Dünya iki kelimeyle bizim hareket alanımızdır. Burada doğar, yaşar ve ölürüz. Geçmişimiz, geleceğimiz bu yuvarlak içinde şekillenir. Hüznümüz, sevincimiz, öfkemiz, korkularımız hep burada anlam kazanır.
Dünya hayatı ise bizlerin sınandığı, içinde cennet ve cehennemi taşıyan bir zaman dilimidir. Kuran’ın ifadesiyle ‘bir oyun ve eğlence’ kadar da kısadır. Bu zaman akıp giderken insan önce dikey( bebeklikten-gençliğe) sonrada yatay (gençlikten yaşlılığa) bir değişim gösterir. Dikeyde değişim ne kadar Hakk çizgide olursa, yatayda bu durum devamlı bir olgunlaşma gösterir. Böylece insan, rabbinin gösterdiği sorumluluk sahası içerisinde hayatın derinliklerine doğru kök salar.

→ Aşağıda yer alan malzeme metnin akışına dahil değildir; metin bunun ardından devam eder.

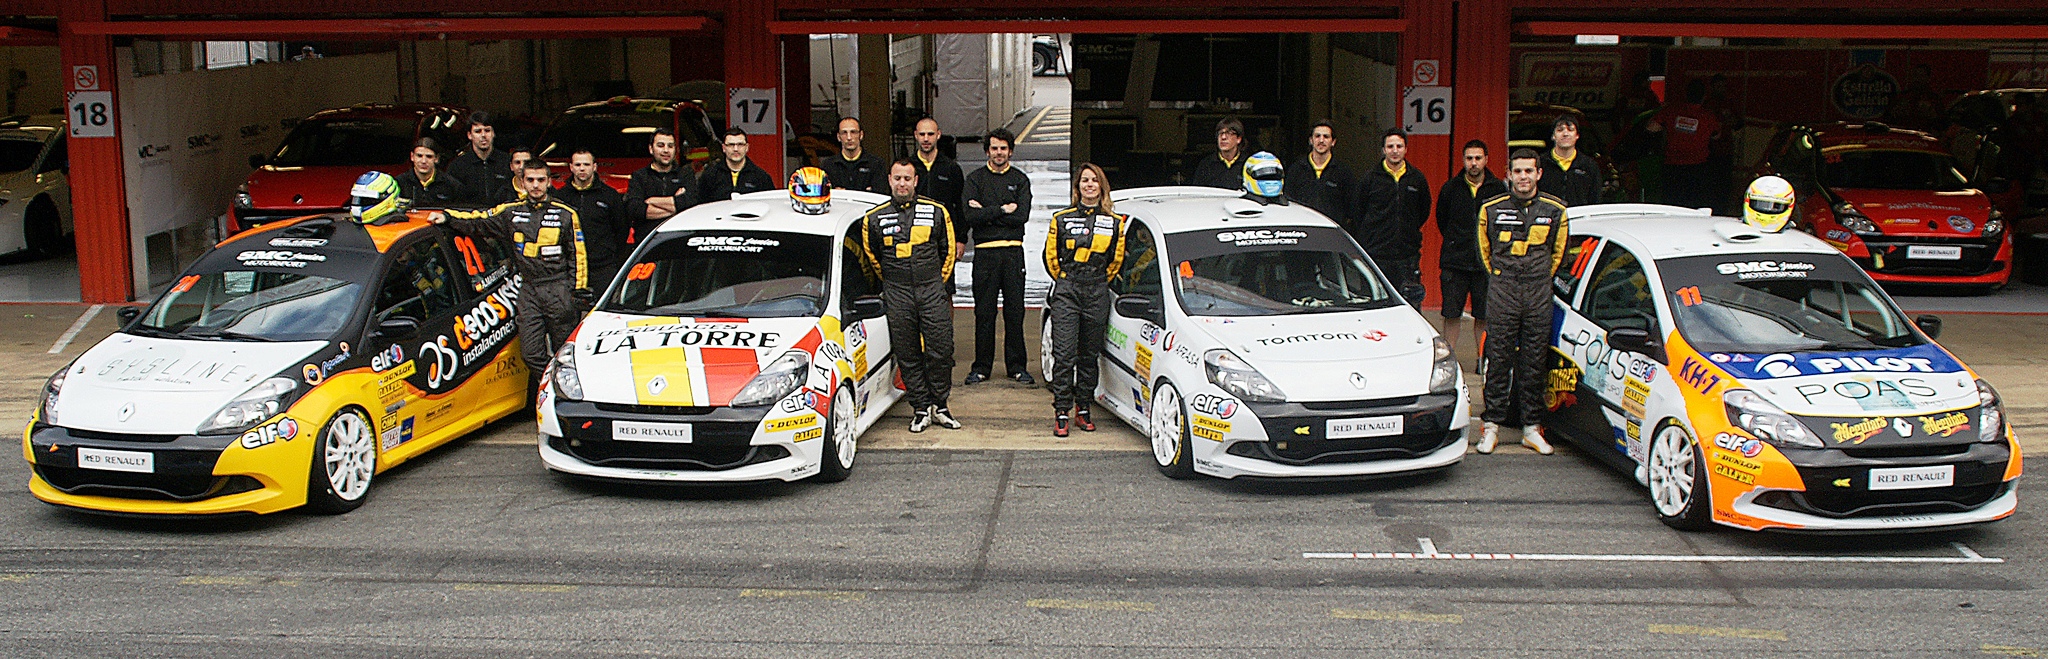 Equipo Renault Clio Cup SMC Junior Motorsport 2013_ baja

Aslında yaratılmış olmak, bizatihi her varlığın kendinde bir sorumluluk, yük taşıma potansiyeline sahip olduğunu gösterir. Bir arıyı düşünün mesela. Kendi yiyeceğinden daha fazla bal üretiyor, insanın tüketimine sunuyor. Bunun için dolaşmadık kapı bırakmıyor. Ne için peki? Kendisine bırakılsa böyle bir yükün altına girer mi acaba! Ama hayat içerisinde rabbinin kendisine yüklediği bir anlam var. O da bunun öneminin, sorumluluğunun farkında hareket ediyor. Küçücük bir arı yaptığı işle rabbinin lütfuna mazhar olsun da, bizler bu rahmetten geri kalalım.
İnsanlığın bugünü ise arı değil, bir mantar kadar bile hayata bir şey katmıyor. En azından genel resim böyle. Aksine çalıyor habire. Kendinden, çevresinden, gökyüzünden, yeryüzünden v.s. Şimdilerde, önümüzdeki yüzyılda sıcaklıktaki 2-4 derecelik artışın ne türden sorunlara yol açacağı ile ilgili felaket senaryoları yazılıp çiziliyor. Bu yorumlar gelişen teknoloji ve onu besleyen tüketim çılgınlığının dünyadan neler götürdüğünü gösteren tipik bir örnek.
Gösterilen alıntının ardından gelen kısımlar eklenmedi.